As a child, my mother (an artist) advocated every art form. We sung, danced, drew, painted and sculpted. Before I walked or crawled she held a crayon in my hand and we drew pictures together. My early memories of her are limited to a few brief glimpses of my hands in hers, working and creating. When she passed (I was three) the arts took on a new meaning. They became therapeutic. I felt near to her when I was making. Art became my medium—my communion.
For fifteen years the arts flourished in my life, and then, when my father passed at 18, the arts were knocked out of me. I craved for safety. Security and practicality took precedence over all else. I felt I no longer had time to indulge in crafts. Perhaps I feared wading through my own emotions, or perhaps, somehow, I even drew a parallel between my perceived artistic self-absorption and my father’s passing. I’m not quite sure.

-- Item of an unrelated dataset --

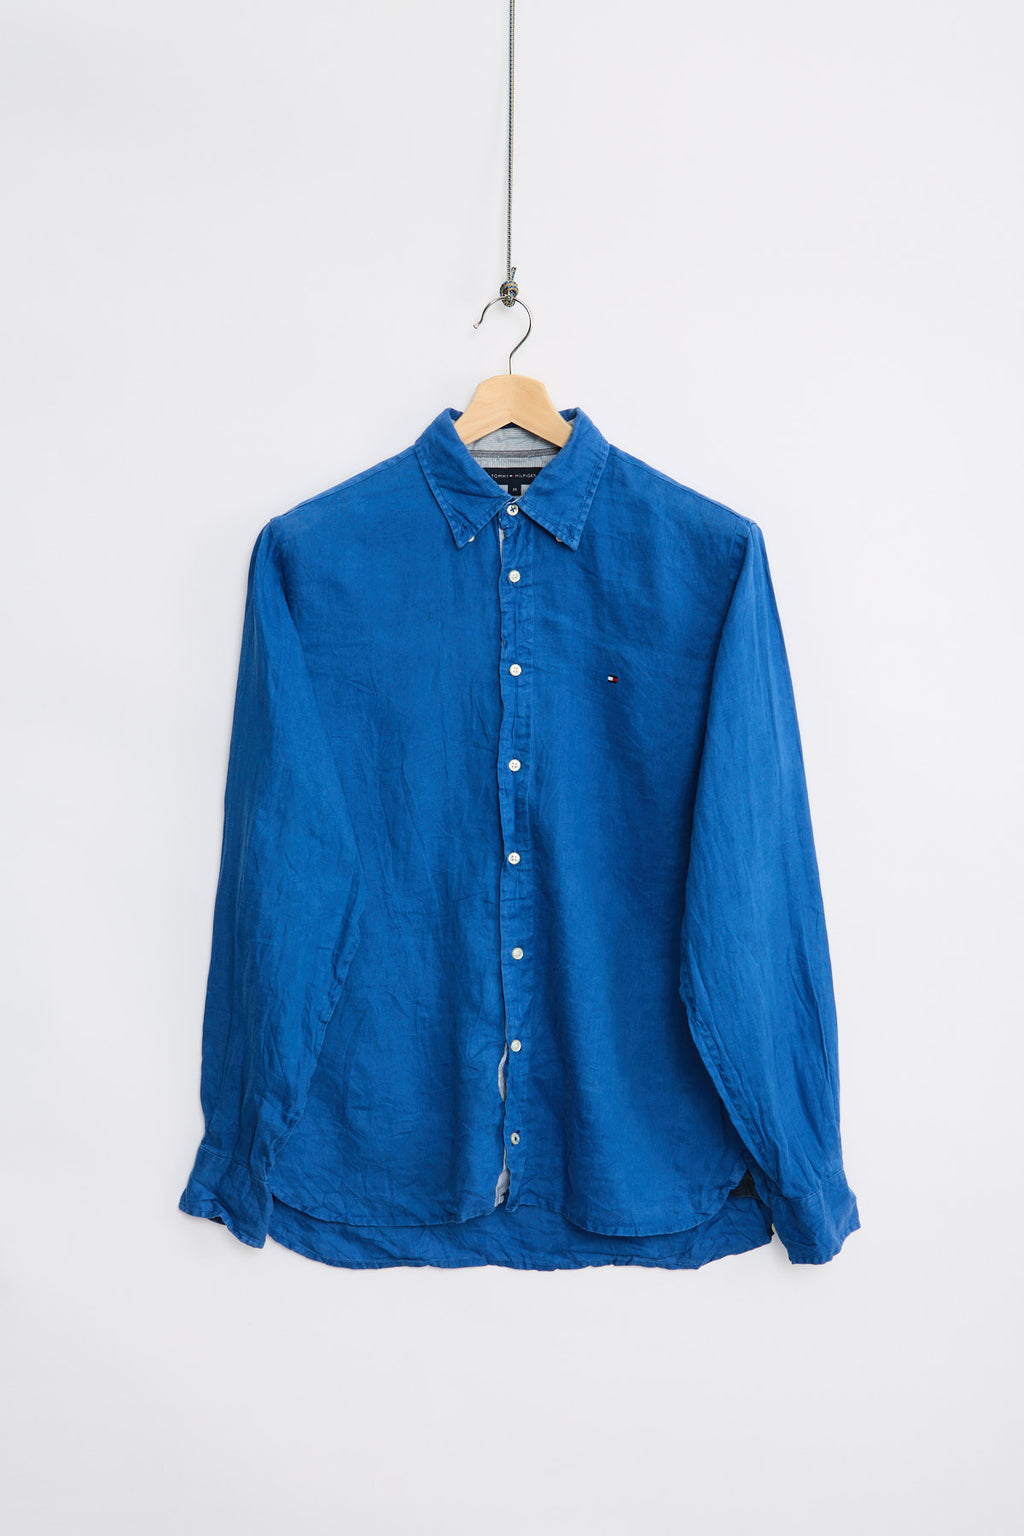 Tommy Hilfiger Linen Shirt (M) — Livid

I placed my passion on a sacrificial altar, of sorts, and didn’t touch it for nearly three years.
There wasn’t a particular event that made me return. Perhaps it was just the mounting pressure, like an old rickety dam about to burst. But one day, for whatever reason, I picked up a pencil and began to draw. My heart pounded.
Art became the fire of my bones once more. I finished a BFA and threw myself immediately into a grad program in art education.
I’m not sure where I’ll end up. I’m not sure about a lot of things.
But I am sure of one thing—my heart is pounding still.